> What you have to do: Repeat the listing exactly. The images do not belong in the copy.

> Raw data:
****************************************
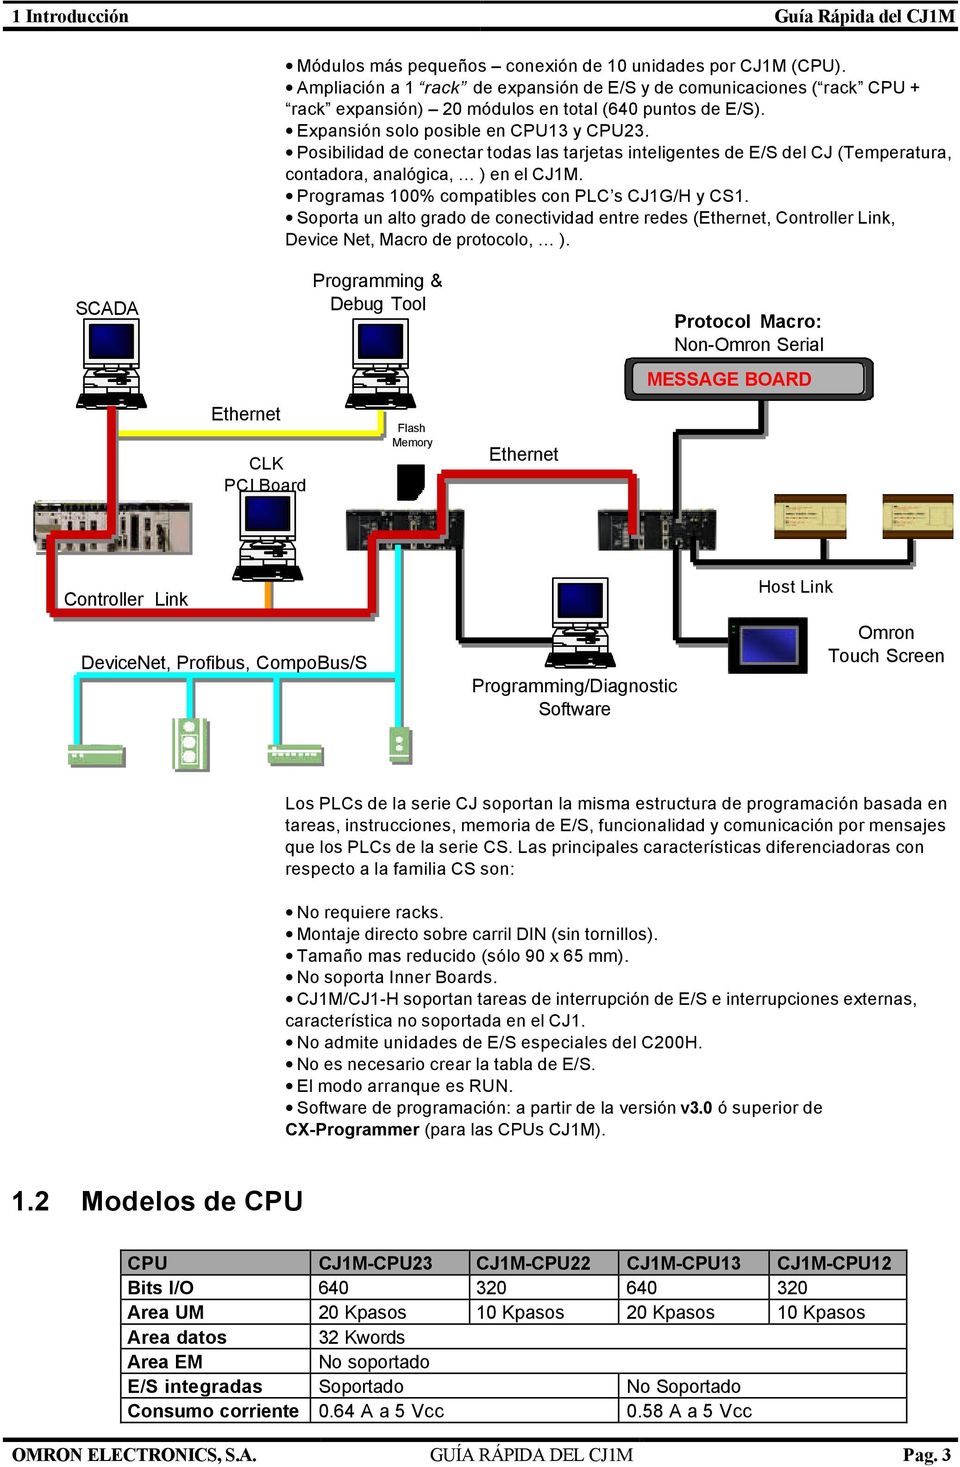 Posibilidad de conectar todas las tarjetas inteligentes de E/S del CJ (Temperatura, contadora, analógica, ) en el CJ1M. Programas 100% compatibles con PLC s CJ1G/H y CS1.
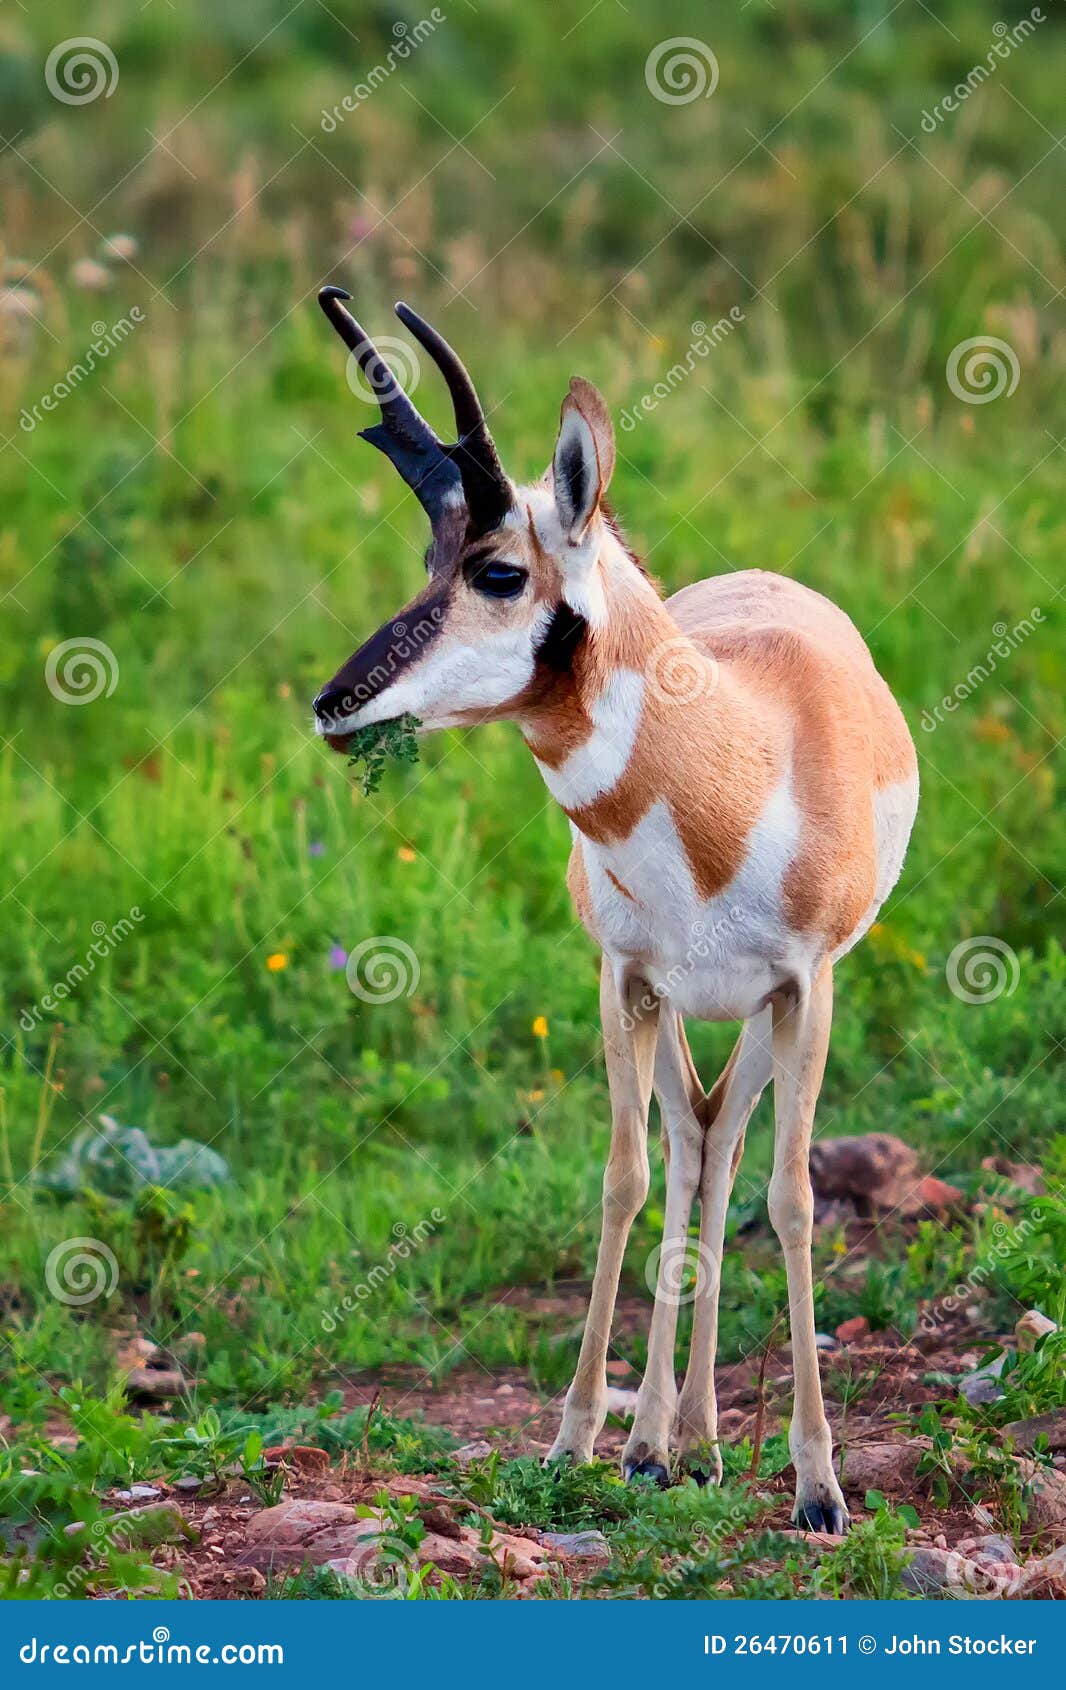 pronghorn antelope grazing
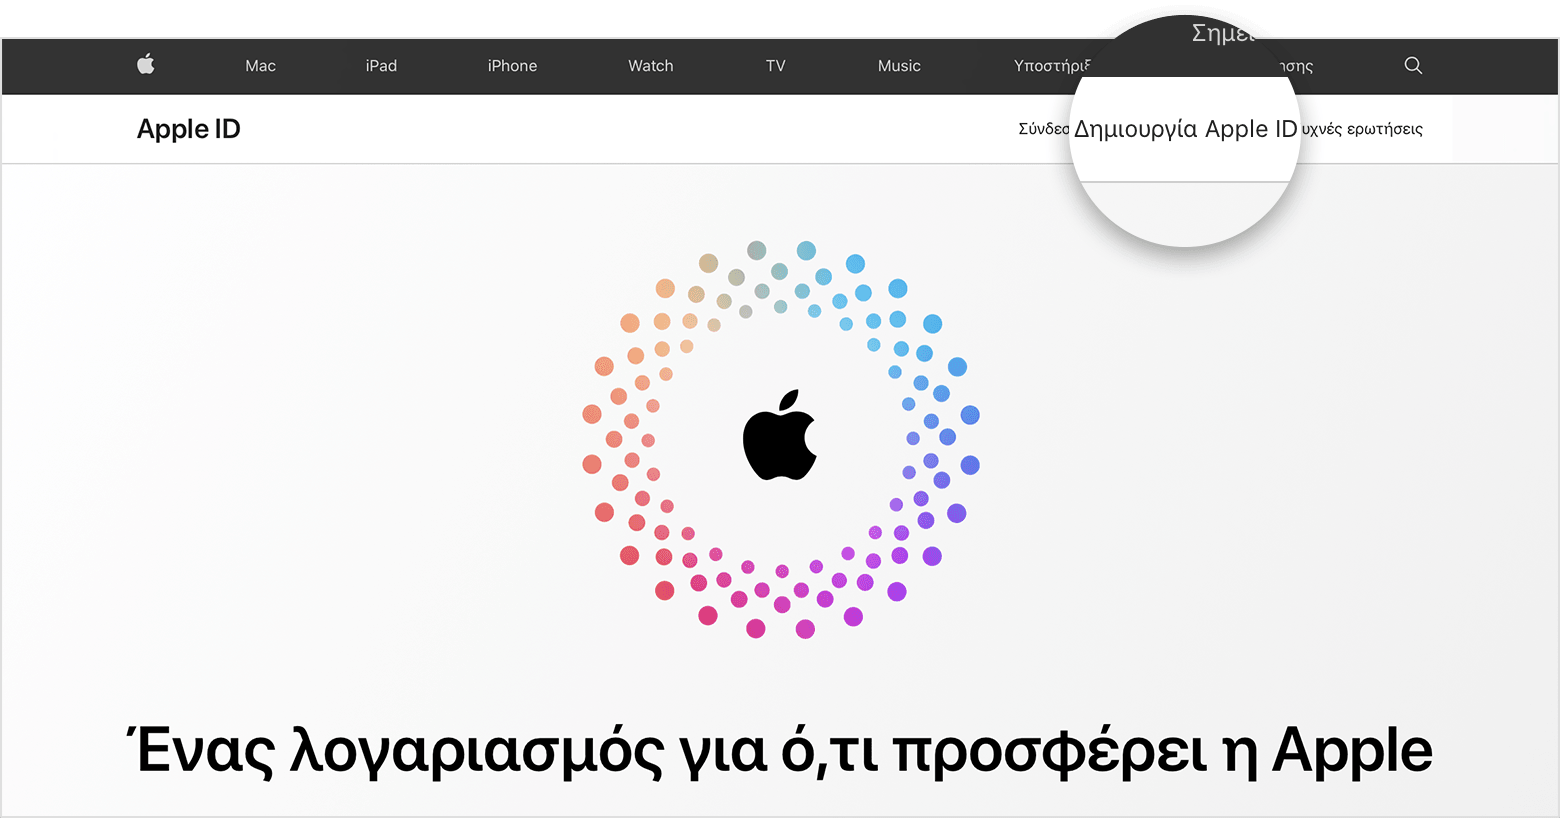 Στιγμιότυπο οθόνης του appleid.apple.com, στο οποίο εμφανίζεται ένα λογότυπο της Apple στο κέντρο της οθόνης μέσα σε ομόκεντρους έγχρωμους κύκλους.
****************************************
> Task answer:
 Posibilidad de conectar todas las tarjetas inteligentes de E/S del CJ (Temperatura, contadora, analógica, ) en el CJ1M. Programas 100% compatibles con PLC s CJ1G/H y CS1.
 pronghorn antelope grazing
 Στιγμιότυπο οθόνης του appleid.apple.com, στο οποίο εμφανίζεται ένα λογότυπο της Apple στο κέντρο της οθόνης μέσα σε ομόκεντρους έγχρωμους κύκλους.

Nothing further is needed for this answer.